The "R" in R-CNN stands for "Regions", not "Recurrent", a confusion that has tripped up countless newcomers who assumed any "R-something" network must involve recurrence. The naming proved durable enough that Mask R-CNN, the segmentation extension you will meet in Chapter 24, kept the letter even though it adds a mask head rather than any new region machinery. The family tree is R-CNN, Fast R-CNN, Faster R-CNN, Mask R-CNN, with the adjectives racing ahead of the architecture changes.

5. Why It Is Accurate but Slow Advanced

The two-stage design is accurate for a structural reason: the second stage sees only a few hundred high-quality proposals, each already roughly localized, and can spend a heavyweight per-region head deciding the exact class and tightening the box. The proposals also rebalance the data; the RPN winnows millions of anchors down to a few thousand, and a sampling step keeps the ratio of foreground to background examples in the second stage near $1{:}3$ rather than the $1{:}1000$ that a one-stage detector must confront. That balance is why two-stage detectors did not need the focal loss that Section 23.3 invents to rescue one-stage training.

The cost is the same structure. The per-region head runs hundreds of times per image, the proposal and NMS steps are sequential and hard to fully parallelize, and the whole pipeline has more moving parts (anchor matching, proposal sampling, two NMS passes) to tune. A Faster R-CNN runs at perhaps 5 to 15 frames per second on a strong GPU, fine for asynchronous analysis but too slow for a phone, a drone, or a self-driving car's perception loop. That speed ceiling is exactly the gap the one-stage detectors of the next section were built to close, and the focal-loss innovation that let them close it without surrendering accuracy is the story we turn to now.

Exercise 23.2.1: Why Background Boxes Skip the Localization Loss Conceptual

The Fast R-CNN multi-task loss multiplies the localization term by $[u \ge 1]$, switching it off for background proposals. In two or three sentences, explain why regressing a box for a background region is meaningless and what would go wrong with training if you removed that indicator and asked the network to localize background "objects" too. Relate your answer to what the box-refinement head is actually being asked to predict.

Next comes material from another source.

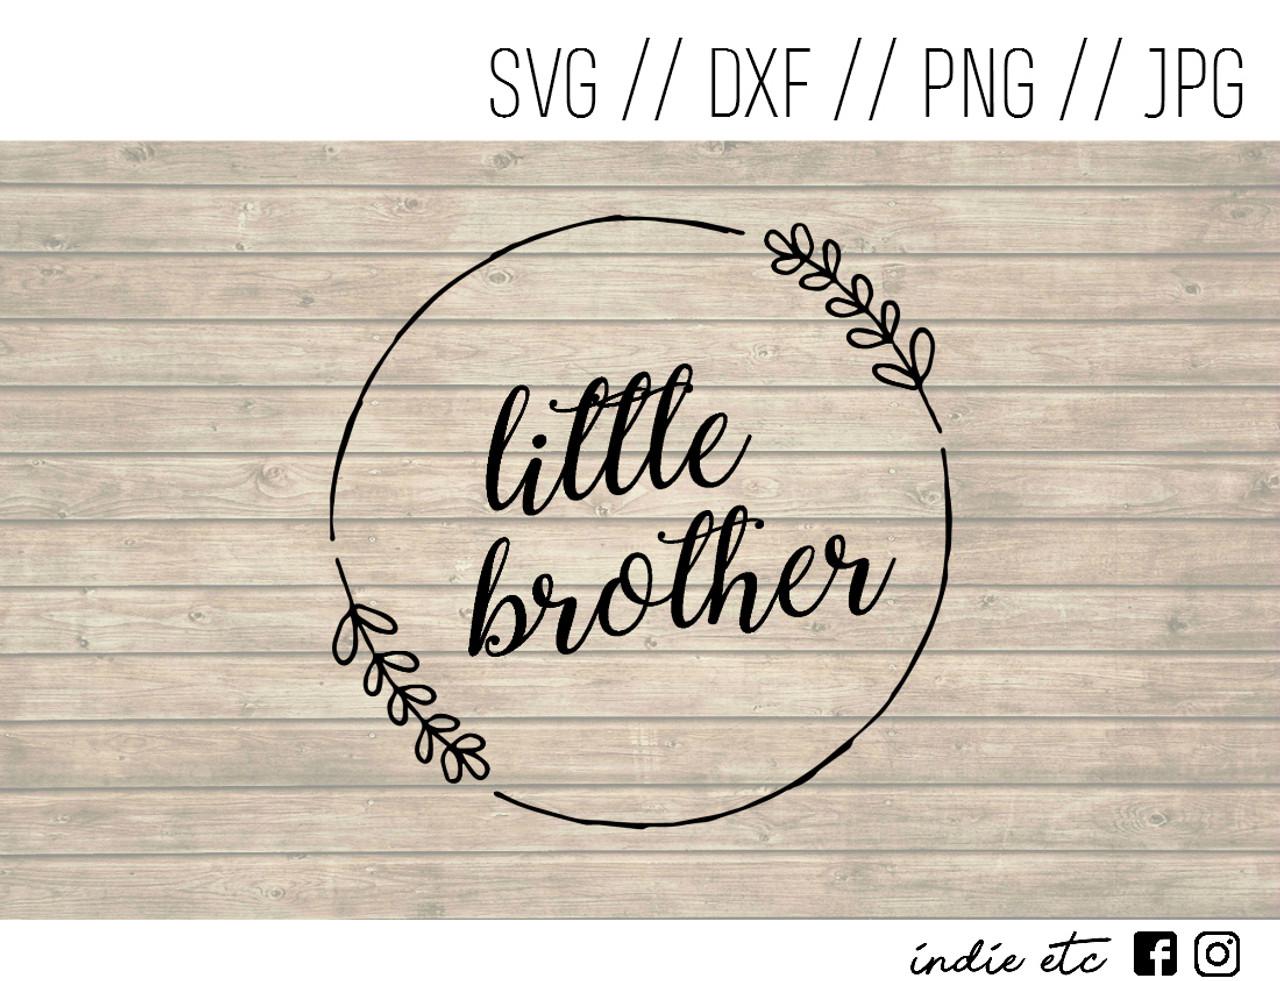 Little Brother Digital Art File Svg Dxf Png Jpeg

Exercise 23.2.2: Anchor Coverage Coding

Write a function that, given an image size, a backbone stride (say 16), and a set of anchor scales and aspect ratios, generates every anchor box for the whole feature map in corner format. Then, given a single ground-truth box, compute the IoU of every anchor against it (reuse your vectorized iou_matrix from Exercise 23.1.2) and report the best IoU and how many anchors clear the 0.7 positive threshold. Experiment with anchor scales that are too small or too large for the object and observe the best IoU collapse; this is the manual tuning that anchor-free detectors in Section 23.4 were invented to eliminate.

Exercise 23.2.3: NMS Threshold Sweep Analysis

Run the pretrained torchvision Faster R-CNN from the library shortcut on a busy image with many overlapping objects (a crowd, a parking lot). Re-run NMS on its raw outputs at IoU thresholds of 0.3, 0.5, and 0.7 and count the surviving boxes at each. Explain the trade-off: a low NMS threshold suppresses aggressively (fewer duplicates but risks merging two genuinely adjacent objects into one), while a high threshold keeps more boxes (better for crowds but more duplicates). Connect this to a real scenario where merging two close objects would be a serious failure, such as counting people in a queue.